Феликс спустился с табуретки, вышел из кладовой, застыл у одного из архивных шкафов. Всё это делал как-то без раздумий, будто животное, ведомое инстинктом. Разум отказывался принимать столь шокирующий факт. Однако то была суровая истина: Чанбин действительно подглядывал за Феликсом.
С какой именно целью? Связано ли это с тем, что они обсуждали вчера? Означало ли, Чанбин не доверяет Феликсу? Или дела куда хуже, и за слежкой стоял сам фараон?
От размышлений Феликса оторвало движение слева, которое он заметил боковым зрением. Об пол с шумом стукнулся увесистый предмет.
— Вот, душенька. — Чанбин оторвал ладони от таза, выпрямился. — Новая вода.
— Спасибо.
— Протирай дальше. Только без ёрничества, чтобы чисто было! Я тоже пойду.

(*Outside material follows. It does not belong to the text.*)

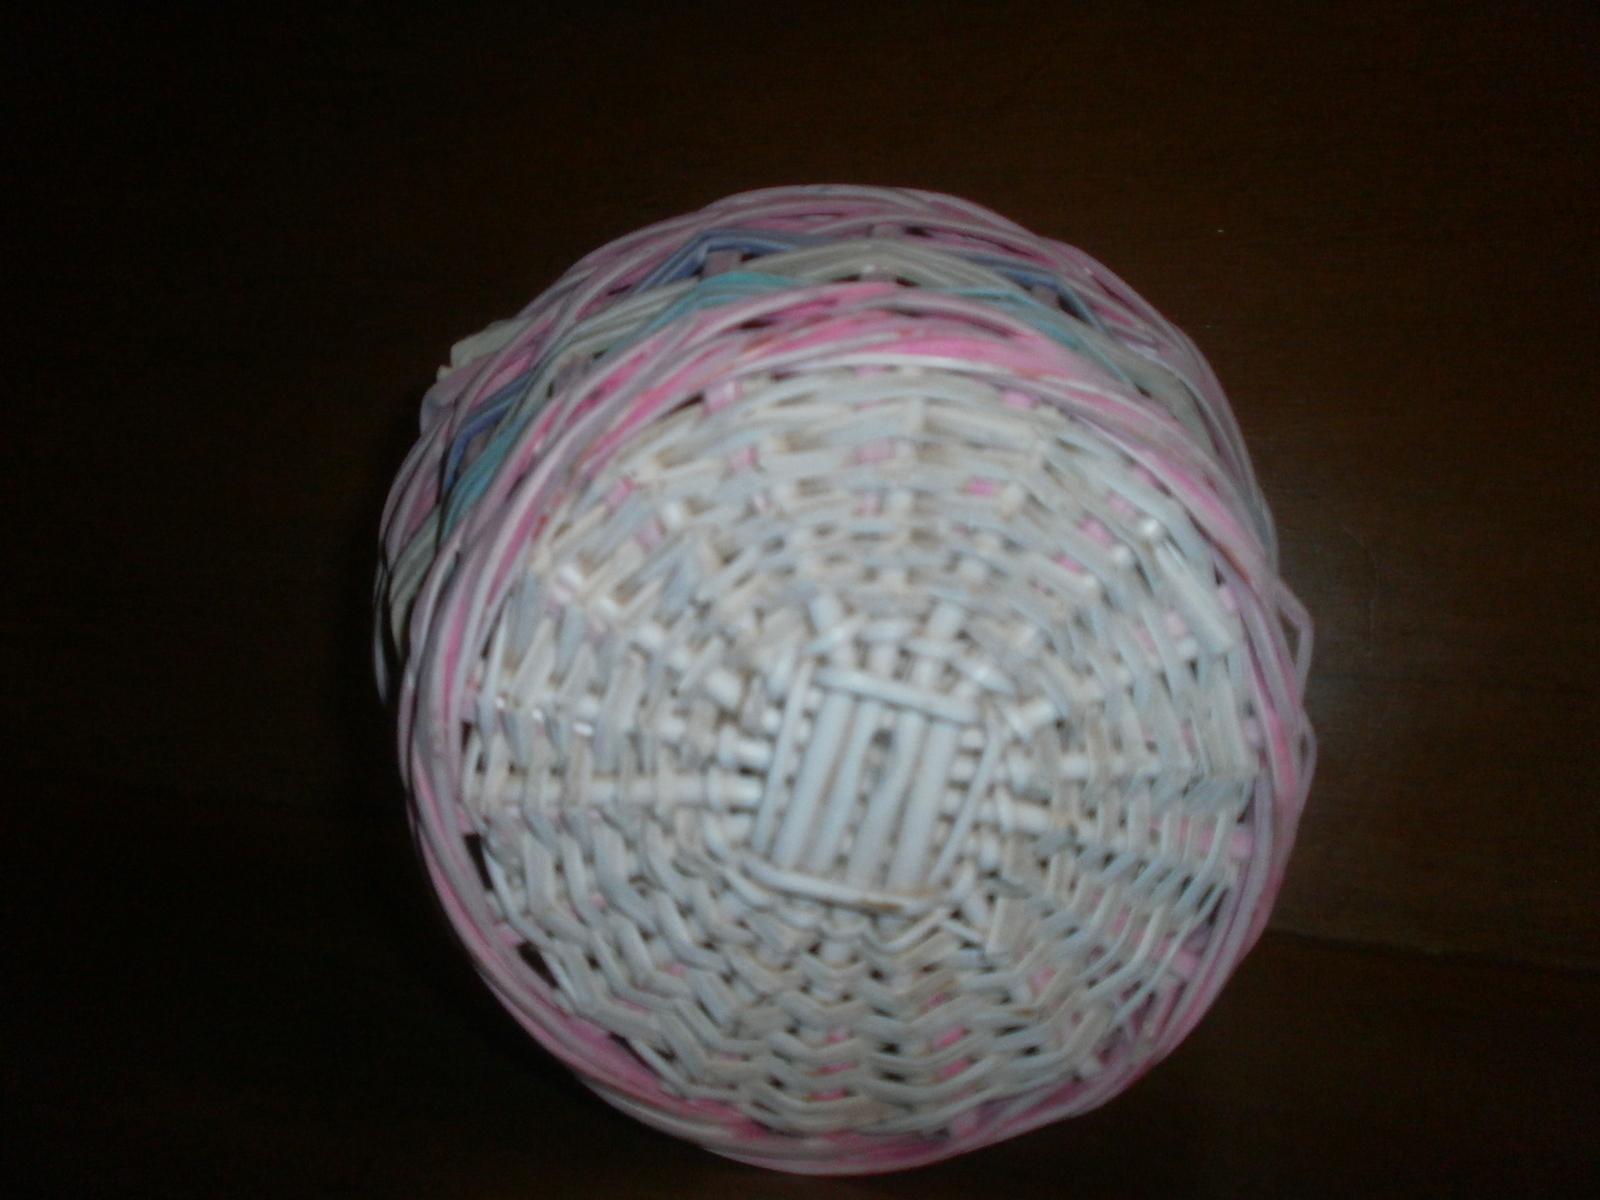 wicker basket white and pastel colors baskets. Black Bedroom Furniture Sets. Home Design Ideas

Чанбин сделал шаг в сторону двери к той кладовой. На мгновение сердце Феликса перестало биться, его душа в ужасе затрепетала перед идеей, посетившей разум. Всё существо окутал холод тревоги. И Феликс озвучил, о чём подумал:
— Могу я помочь тебе?
Застыв на месте, Чанбин сохранил безмолвие. Феликс глядел ему в спину, и один только этот вид основательной, почти совершенной физической подготовки внушал страх. Атмосфера накалилась от длительного молчания, стала гнетущей и давящей.
— Нет уж, спасибо, — прыснув со смеху, ответил-таки Чанбин.
Тем не менее в его голосе отчётливо улавлилась нарочитая, искусственная насмешливость, которой Чанбин, очевидно, пытался скрыть собственное напряжение. Насколько же уязвимым было его положение в данный момент? А насколько жалким будет, если Феликс всё-таки уличит его во лжи?
«Раз уж решился, значит, надо идти до конца».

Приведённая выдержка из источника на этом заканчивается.